Paul Barnsley, With files from Trina Gobert, Windspeaker Staff Writers, BURNT CHURCH FIRST NATION, N.B.

Volume

18

Issue

5

Year

2000

Page 13

Amateur video showing a federal Department of Fisheries and Oceans boat ramming and sinking a much smaller boat carrying three Mi'kmaq fishermen on Aug. 29 leaves very little doubt that government employees are prepared to use violence to enforce federal fishing regulations.

Burnt Church First Nation spokesperson Karen Somerville said the chief and council are demanding that RCMP investigate and charge the DFO agents. She said the video is evidence of attempted murder.

"The DFO boat took two deliberate shots at the boat, completely submerging it, forcing the occupants to jump for their lives on the second attack," she said. "This gesture on the part of the DFO officers is a flagrant assault that can only be described as an attempt to murder. It is therefore the RCMP's duty to act on this and lay the appropriate charges."

Burnt Church Chief Wilbur Dedam said a failure by the RCMP to lay charges would be a very revealing development in an ongoing battle between First Nations fishermen and government over the interpretation of a Supreme Court decision on the Natives' fishing rights.

"Should the RCMP not proceed with laying charges, we will be left with definite proof that there are two levels of laws in Canada, one for First Nations, one for other Canadians. The DFO officers stated that rocks were being thrown. This is a different level of response to one where an offensive weapon, the boat, is used to attack people. The rocks were a reaction to a direct attack, a very legitimate yet much smaller means of self-defence to an unprovoked attack. Yet our First Nation members are charged for throwing rocks. We expect the DFO officers will be charged with attempted murder at the very least."

Former national chief Ovide Mercredi, a member of Assembly of First Nations Grand Chief Matthew Coon Come's transition team, has been assigned to serve as an advisor to the Burnt Church First Nation council. He is in Miramichi. He compared the DFO actions to those of the Ontario Provincial Police, which led to the death of protester Dudley George in 1995.

While the majority of the members of the Atlantic Policy Conference of First Nations (APC) have entered into short-term agreements with DFO, Burnt Church has not.

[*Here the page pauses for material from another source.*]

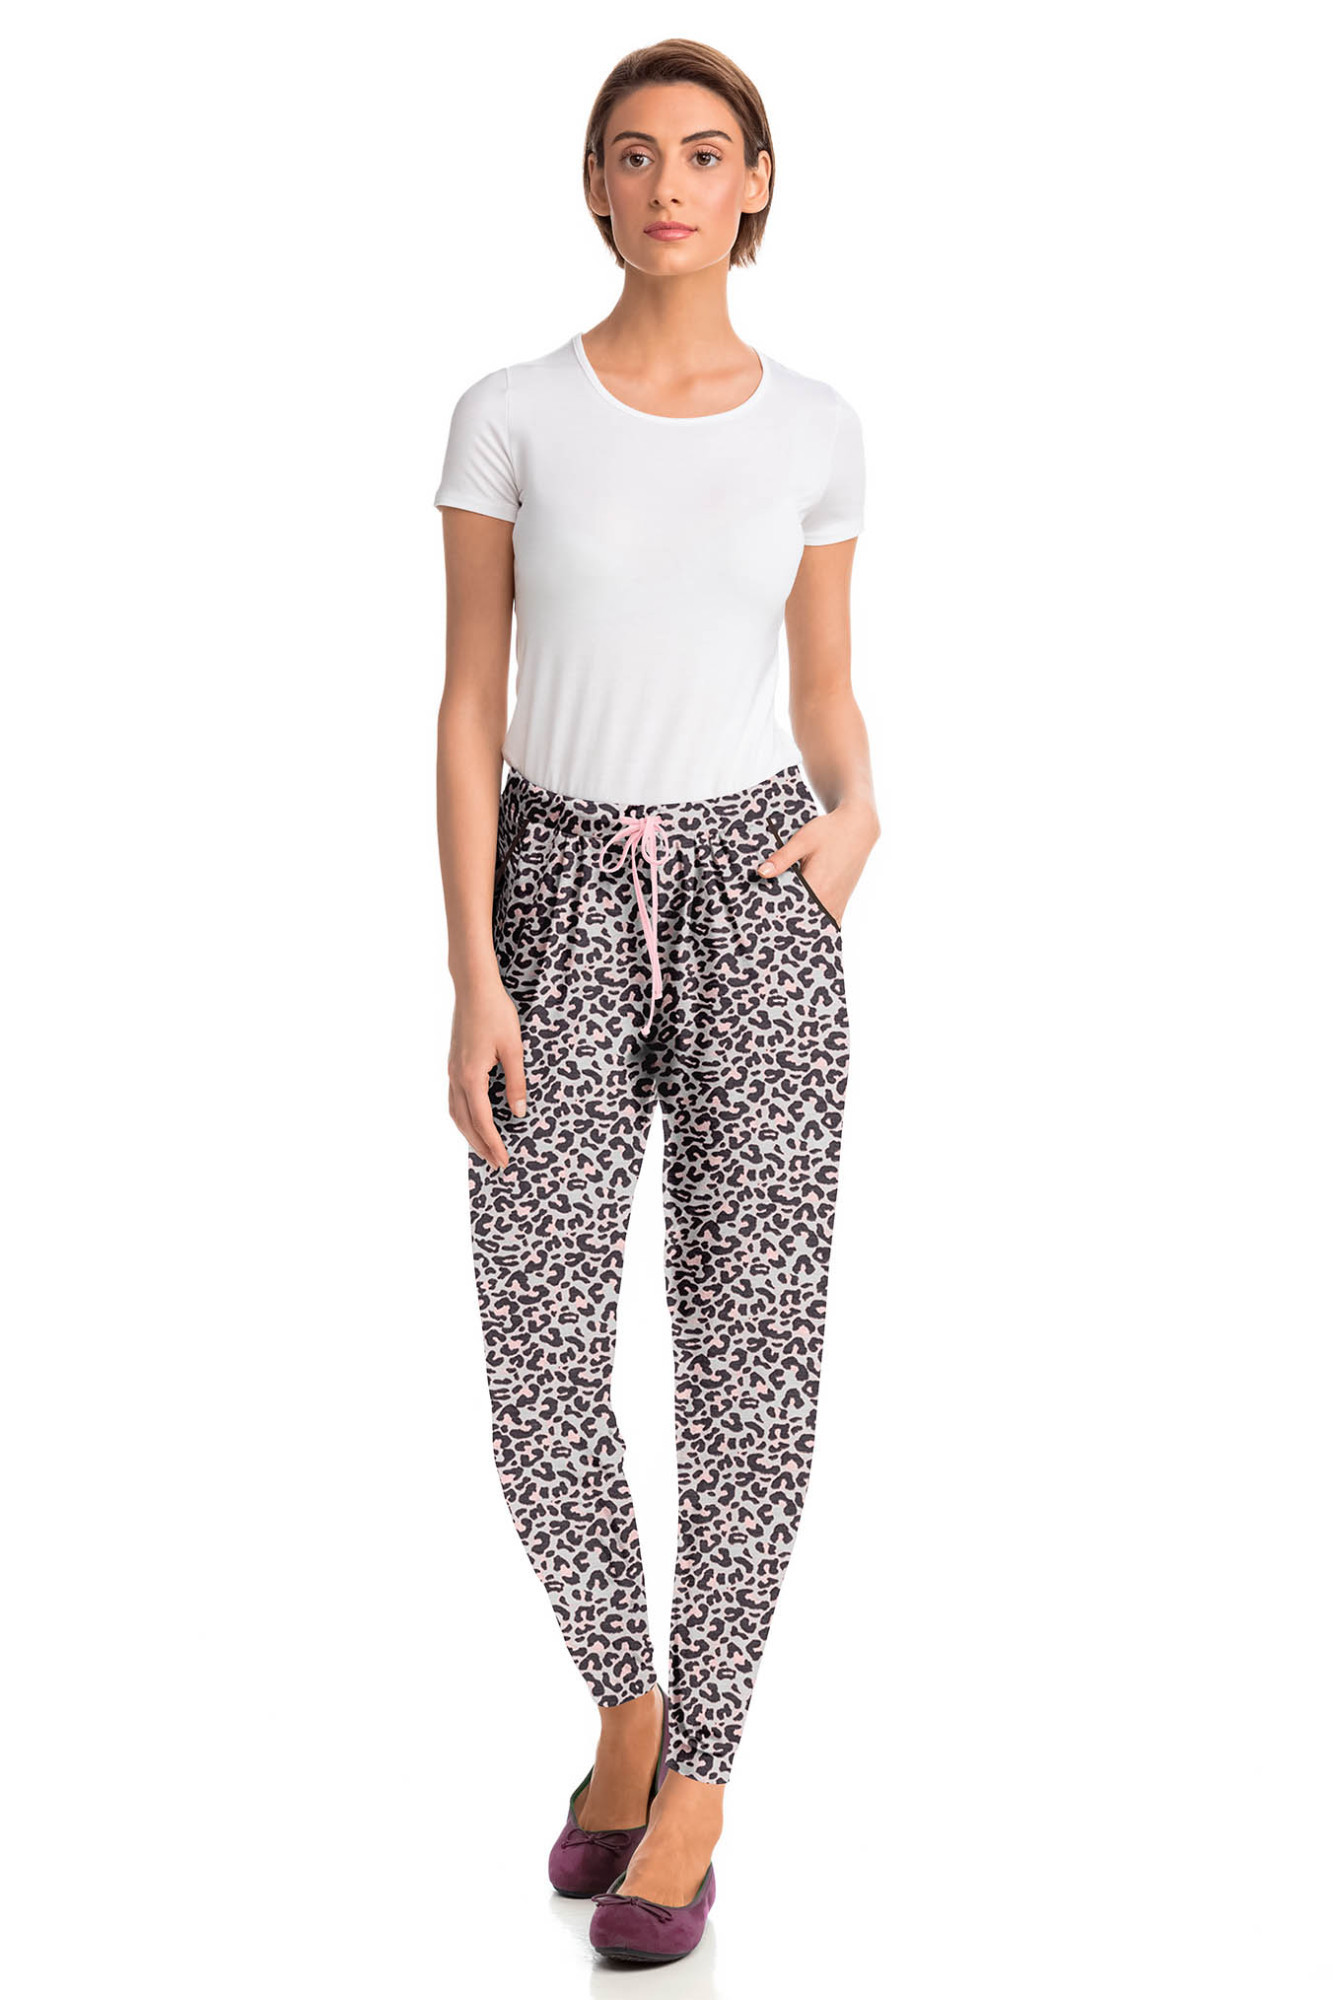 Vamp - Dámské stylové pyžamové kalhoty 15910 - Vamp pink powder S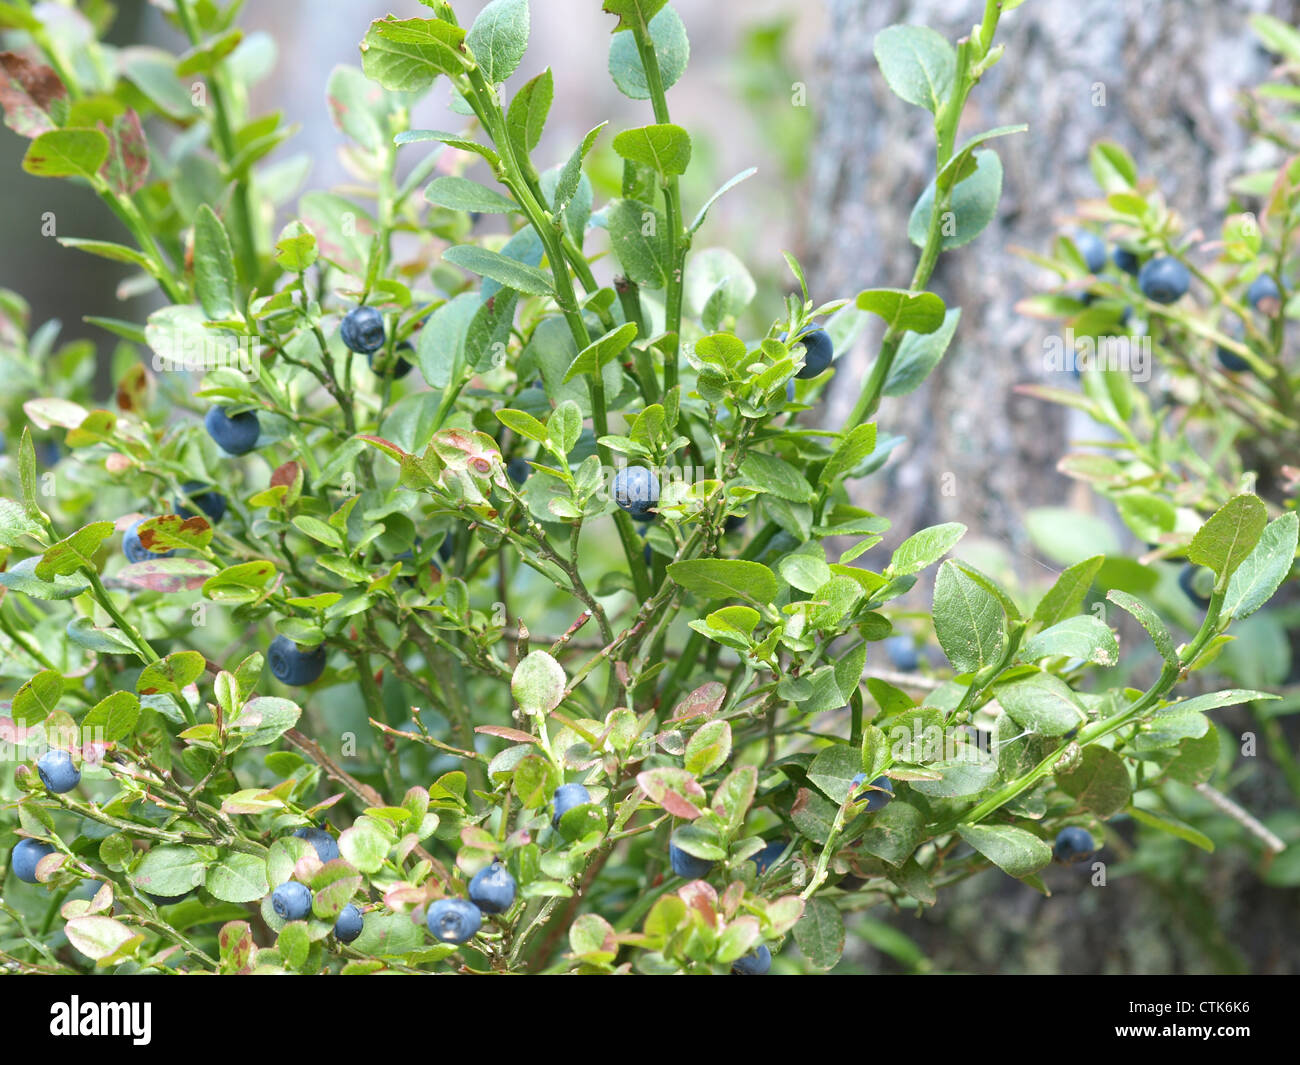 ripe wood blueberries at a blueberry shrub / Vaccinium myrtillus / reife Wald-Heidelbeeren am Heidelbeerstrauch Stock Photo

Dedam, in a letter to DFO Minister Herb Dhaliwal, told the minister why not.

"Our community takes great exception to your suggestion that we have been 'avoiding' your repeated efforts to negotiate with us. We were determined not to be forced into a 'template' agreement that was not in our best interests, and your designated negotiator lacked a mandate to go beyond that template," Dedam wrote to the minister on Aug. 25. "We would not enter into inadequate negotiations - but it is not true that we refused to negotiate at all. We have always been open to genuine negotiations."

Later in the letter, the Burnt Church chief asked the Fisheries minister if there was any reason to discuss the issue further.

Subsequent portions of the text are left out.